> What you will do
A verbatim reproduction of the following listing is required; omit the pictures.

> Provided material
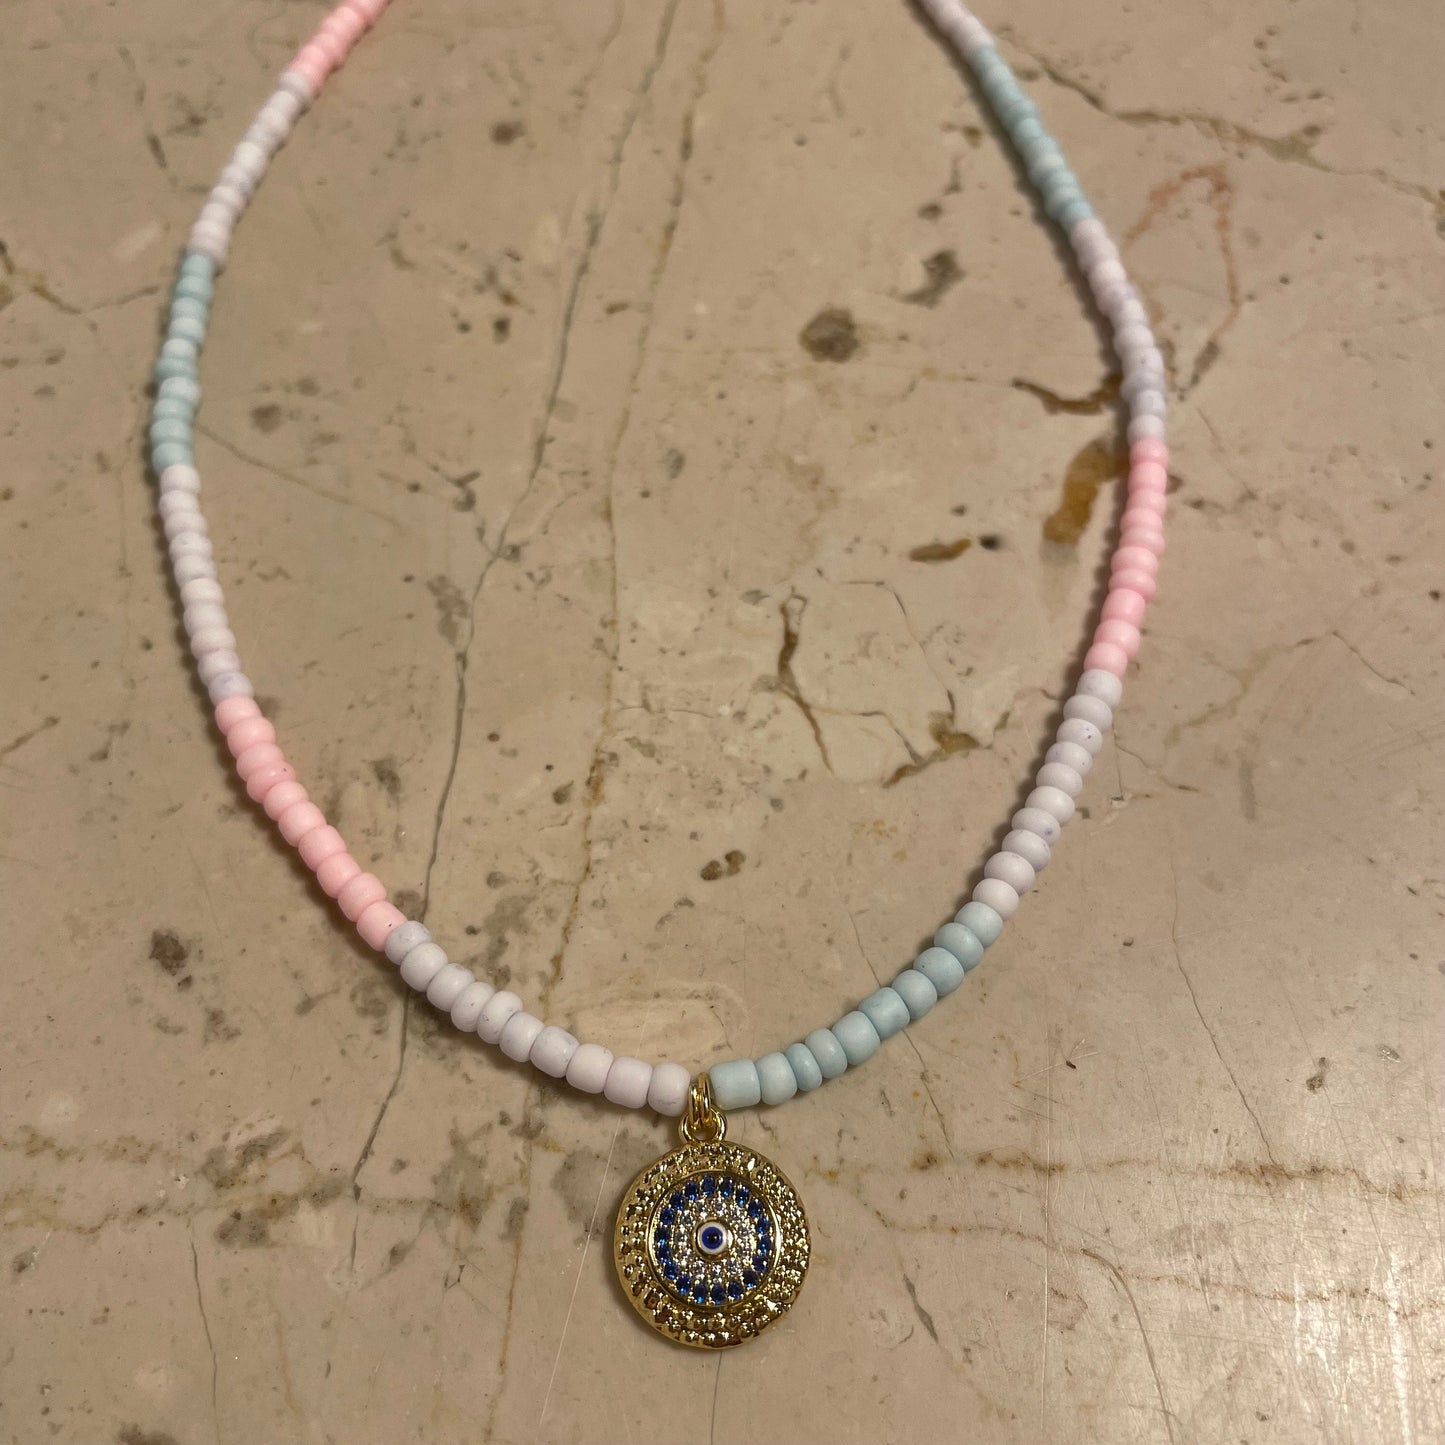 Ombre thin beaded necklace in pastel colors and evil eye charm
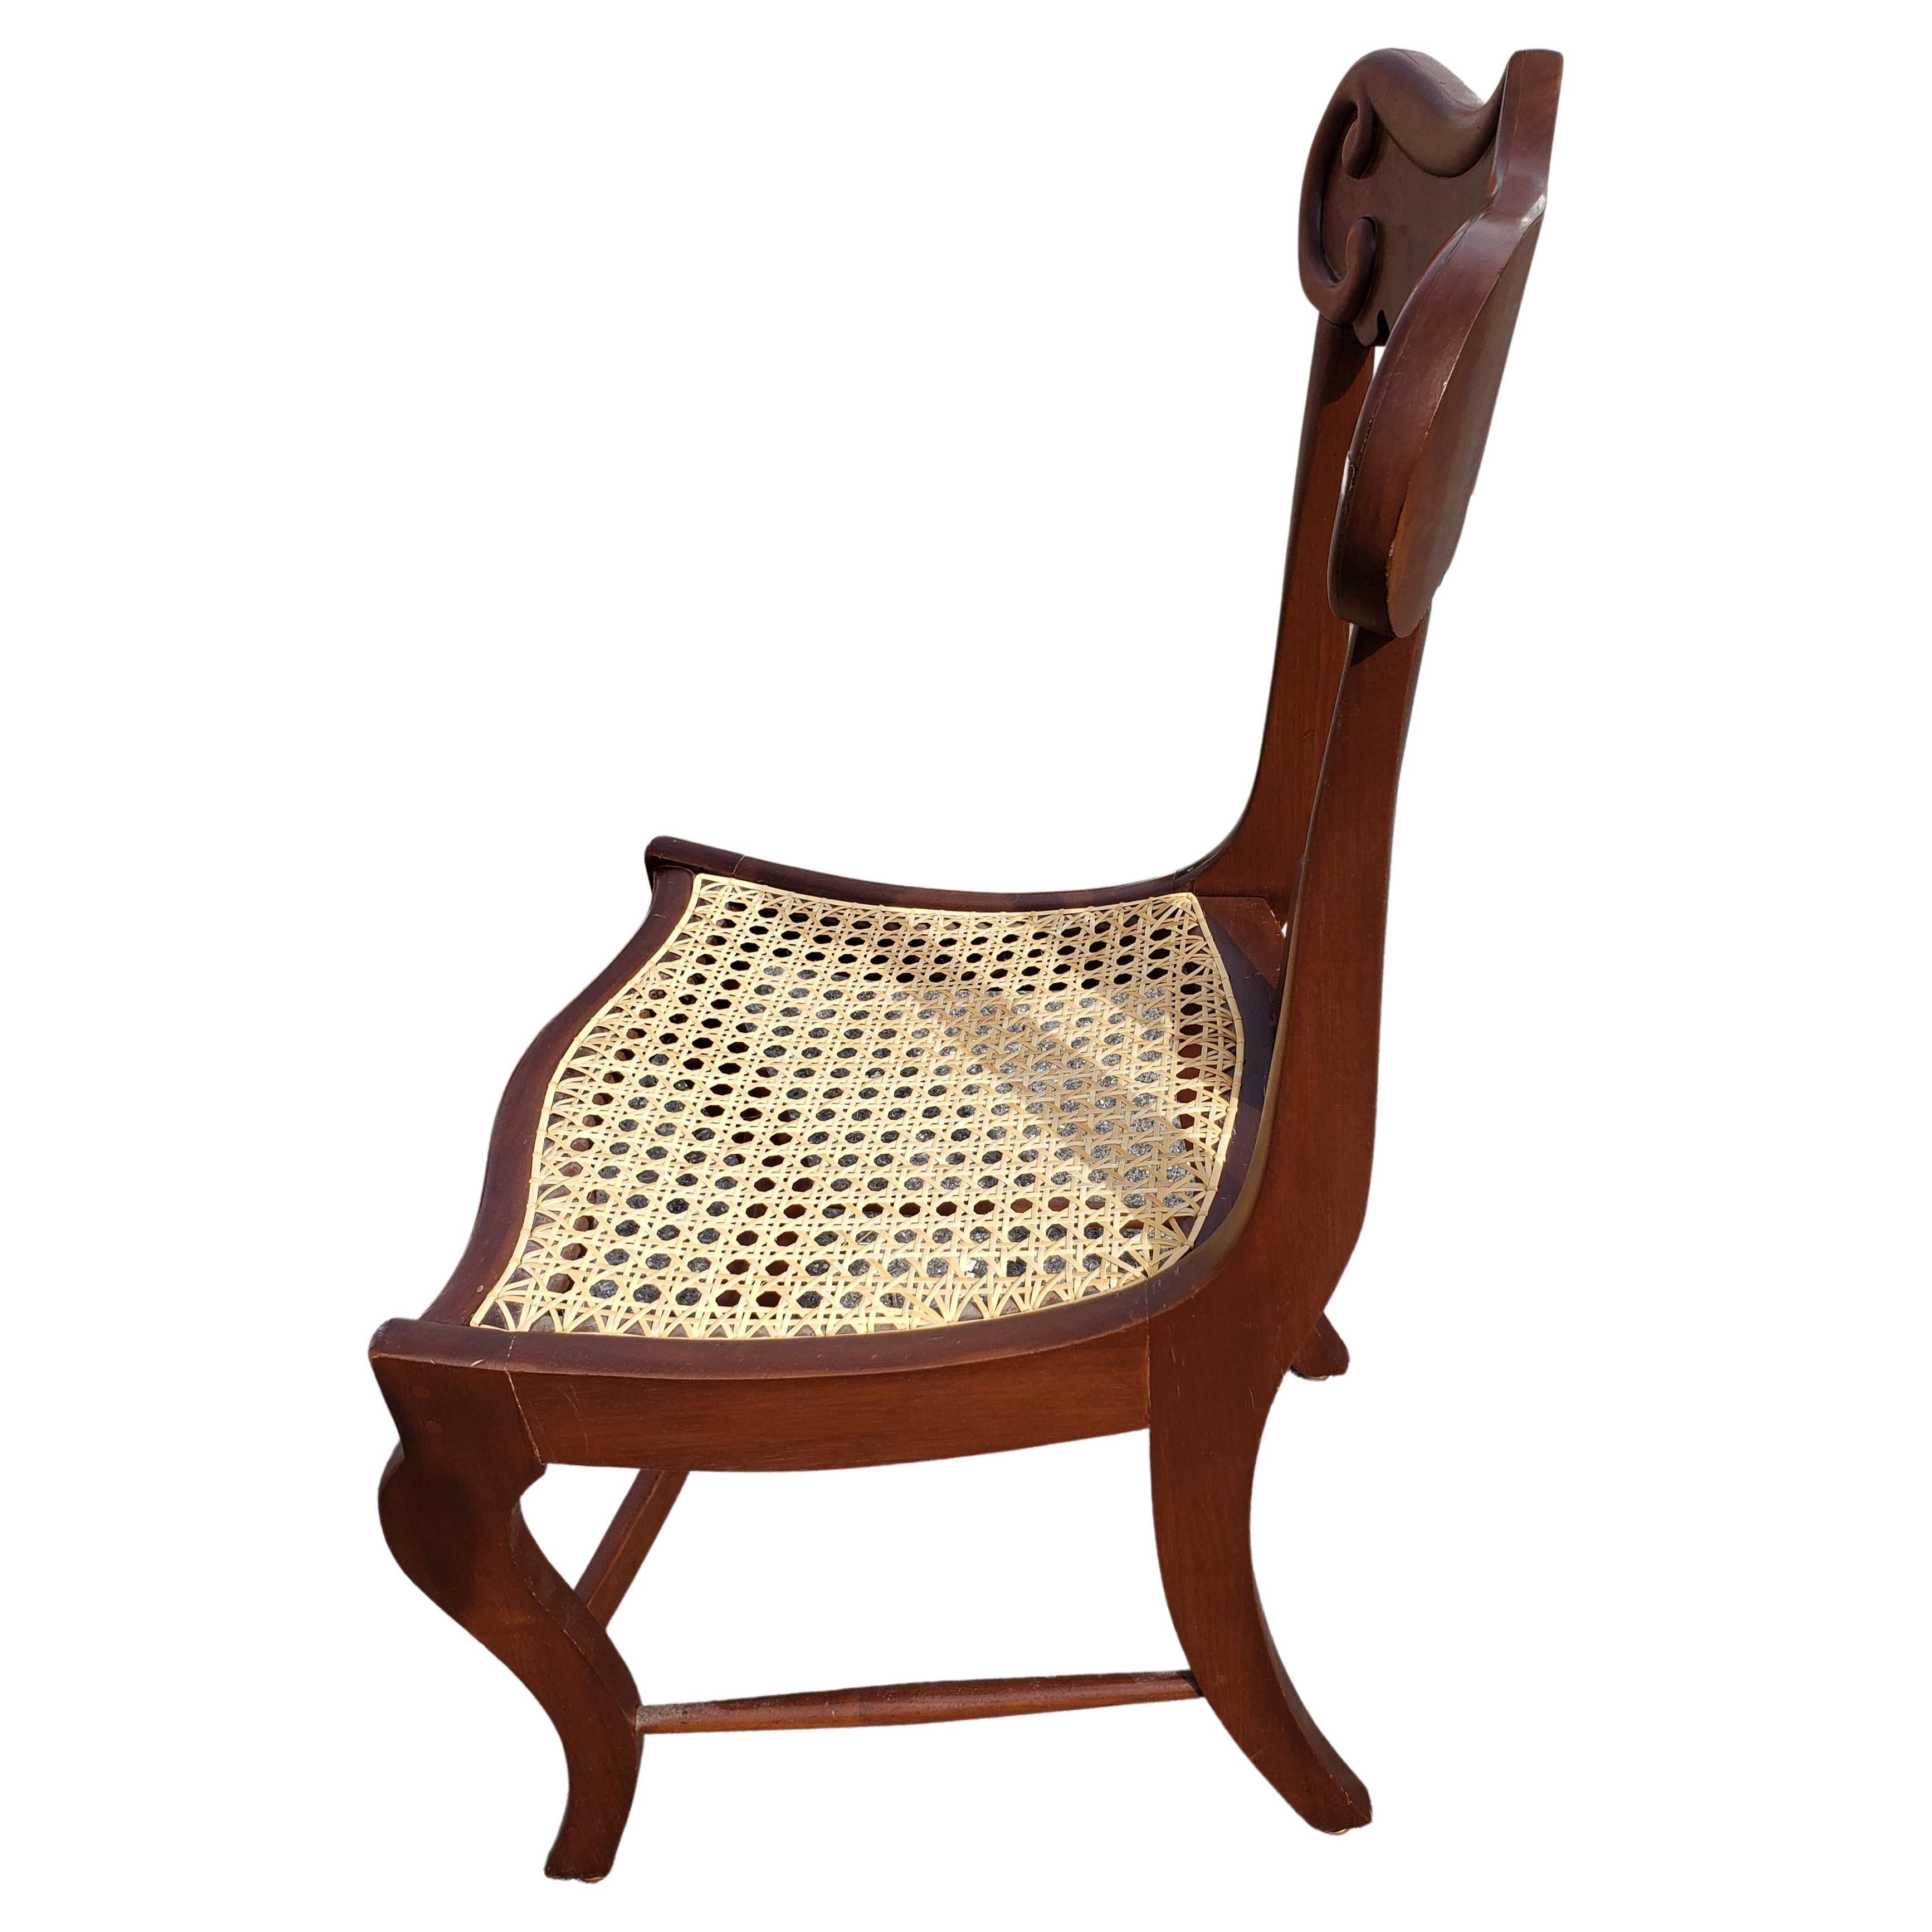 19th Century American Empire Flame Mahogany Cane Seat Chairs, circa 1890s a Pair For Sale
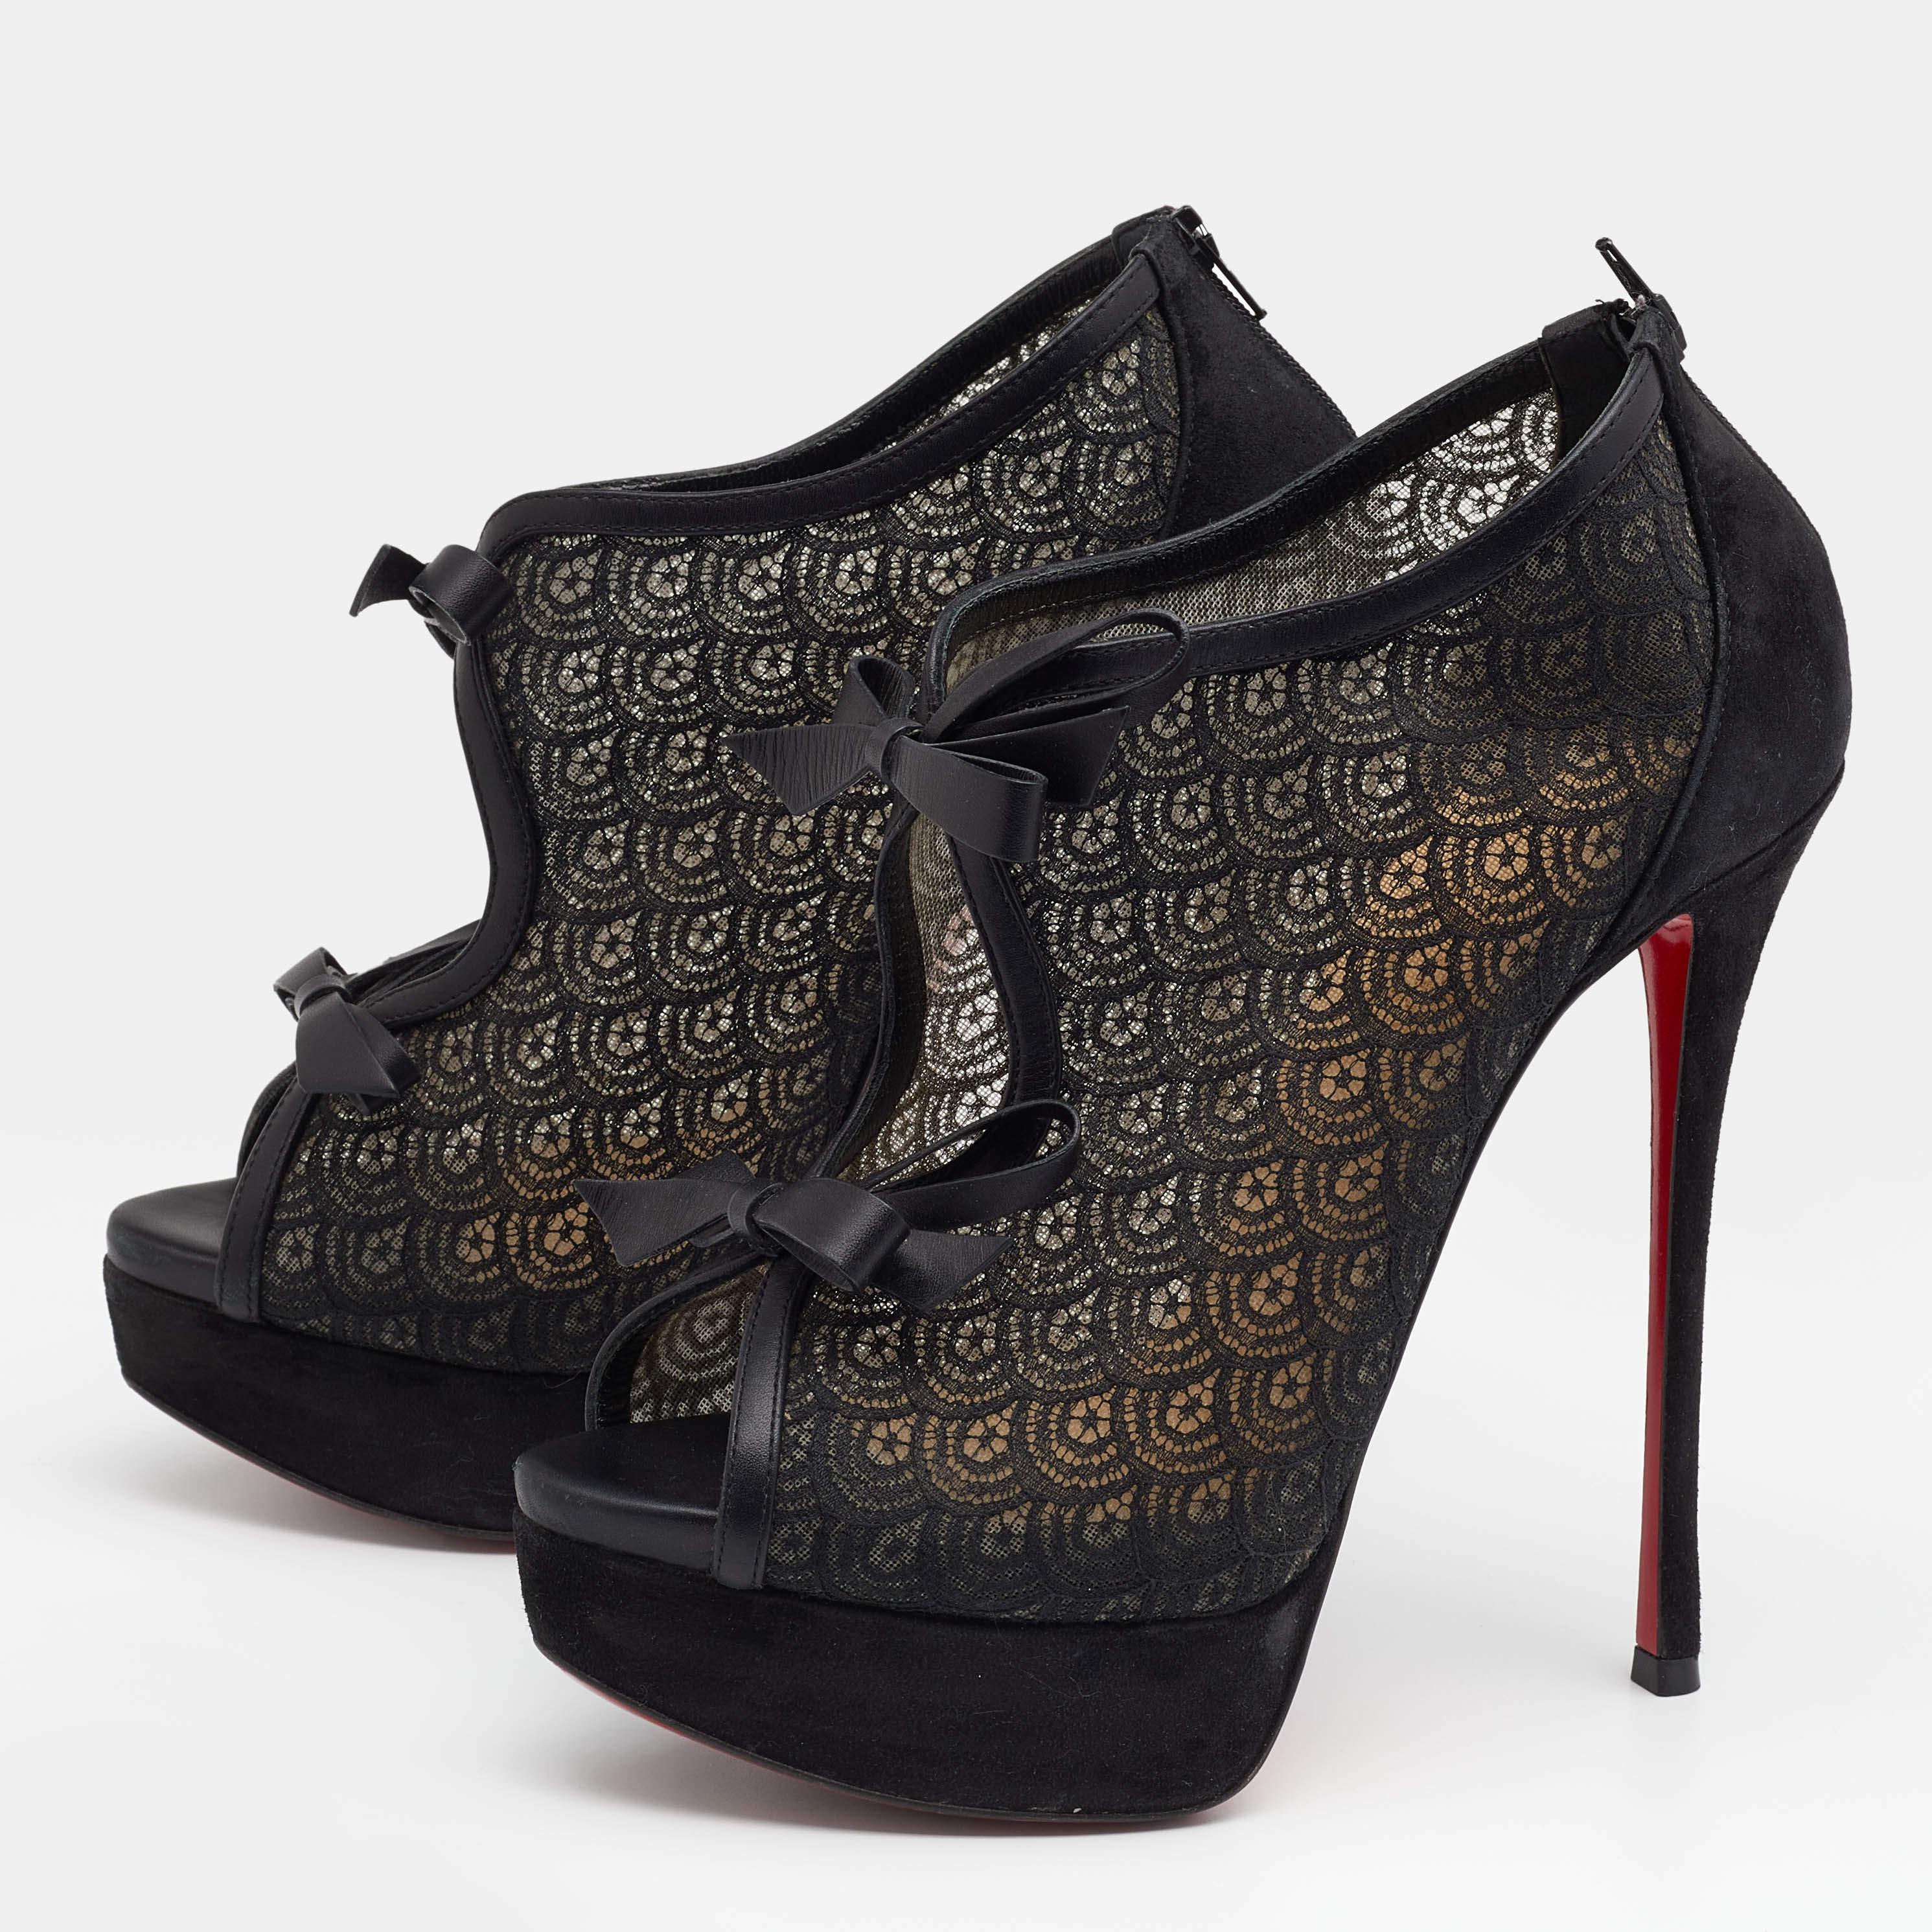 A pair of suede and mesh booties are just what you need to make a lasting impression. This awestruck beauty by Christian Louboutin features 14cm heels, platforms, and bow detailing at the front. Designed into an open-toe silhouette, these shoes come

> Result
 Ombre thin beaded necklace in pastel colors and evil eye charm
 19th Century American Empire Flame Mahogany Cane Seat Chairs, circa 1890s a Pair For Sale
 A pair of suede and mesh booties are just what you need to make a lasting impression. This awestruck beauty by Christian Louboutin features 14cm heels, platforms, and bow detailing at the front. Designed into an open-toe silhouette, these shoes come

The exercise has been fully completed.